00:24:20.540 And one reason for that, I believe, is that the British public think by having voted Brexit and now having left the European Union, that they have effectively they've got something.
00:24:34.420 They got a bit of what they wanted.
00:24:36.520 They sent out the message on immigration.
00:24:39.960 And so they feel a bit more relaxed about it.
00:24:43.400 And I think all political leaders should learn something from that, by the way.
00:24:47.660 You know, you I'm not saying that people should do tokenistic things very far from it, but they should learn from the fact that it's when the public feel that they are not being listened to in their concerns that the politics has a possibility of going rancid.
00:25:04.140 Right. And you could probably say the same thing about Americans with Trump, that a way to understand that is just so many people were frustrated with the political consensus and political elites that Donald Trump was like a big middle finger to the elites.
00:25:18.380 And then, you know, they felt better about it and they could relax.
00:25:21.520 Absolutely. Relax a few years and enjoy the show.
00:25:23.880 Yeah. Well, we haven't had any kind of a moment like that in Canada just yet, I would argue.
00:25:29.760 But I think it's building up.
00:25:31.220 Part of the problem with illegal immigration is that, I mean, Canada is such a pro-immigration country.
00:25:36.680 It's such a welcoming place.
00:25:38.460 But the more you have cases and stories and everything of the sort of undermining of Canada's orderly immigration, it really wears on public trust in the system.
00:25:48.720 And eventually there could be some kind of a tipping point.

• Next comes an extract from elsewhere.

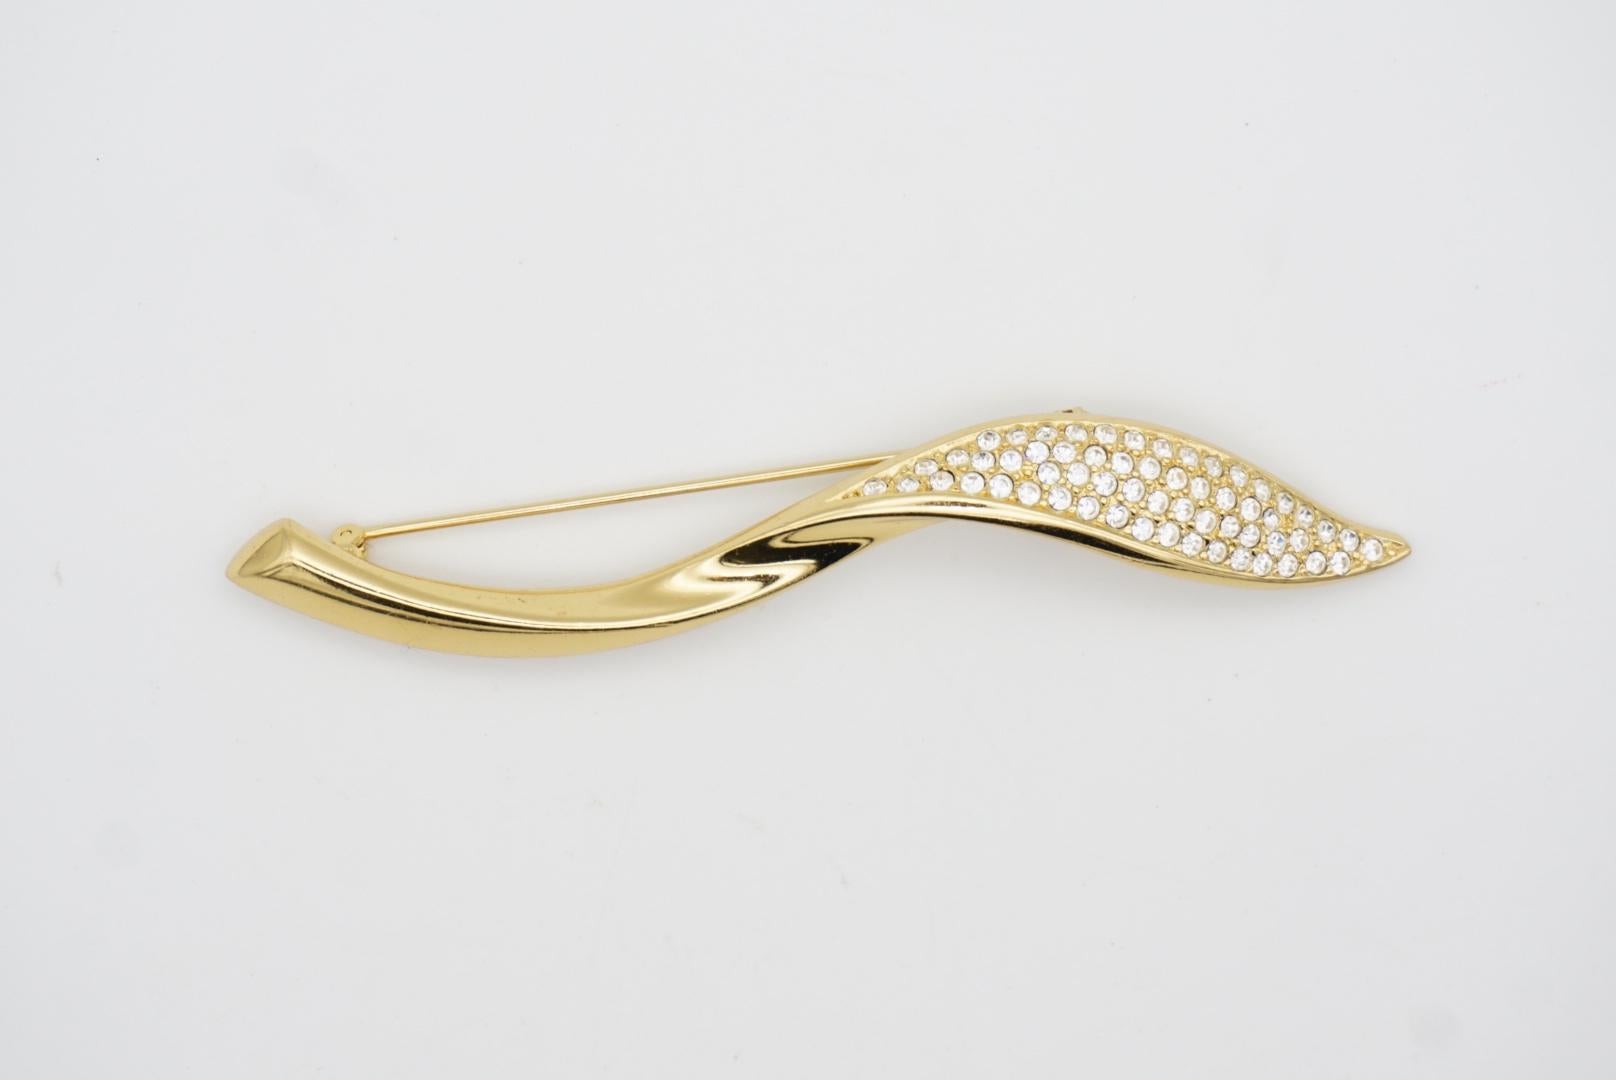 Christian Dior 1970s Vintage Large Long Swirl Leaf Flame Crystals Gold Brooch For Sale 3
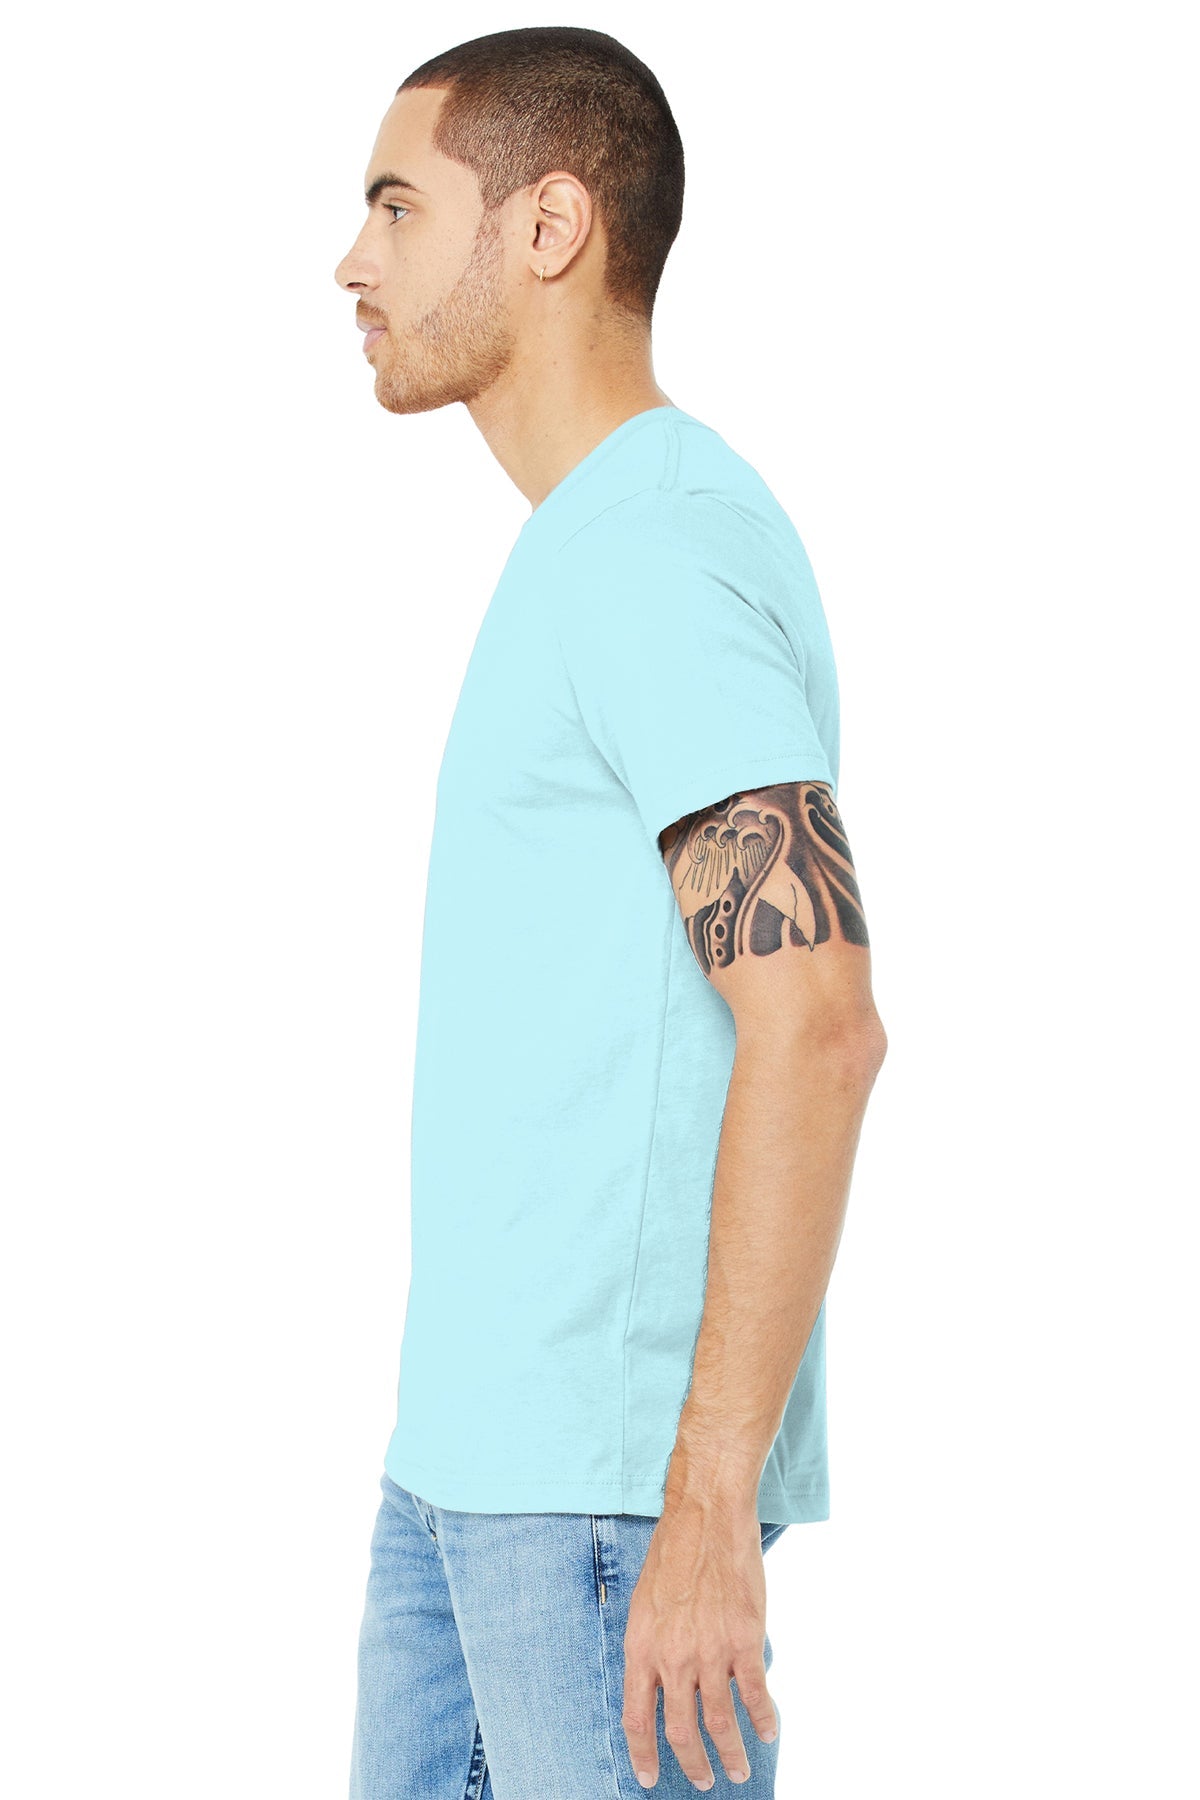 bella + canvas unisex jersey short sleeve t-shirt 3001c heather ice blue

00:25:51.640 Yeah, I'm not a great fan of the tipping point idea myself because there are so many, you know, you can fool yourself into thinking, aha, this will be the great tipping point.
00:26:02.920 And it passes like everything else and nothing meaningful happens.
00:26:08.080 I lost count of – one of the reasons I'm skeptical about it is because I lost count of tipping points and of writing and thinking, you know, is this a tipping point?
00:26:19.840 And it just wasn't, you know, like if you'd have said to me, how about if the son of a couple of people who'd fled from Libya to the UK because they'd fallen out with Gaddafi because they were members of an Islamist group too extreme for Gaddafi, basically the al-Qaeda affiliate in Libya.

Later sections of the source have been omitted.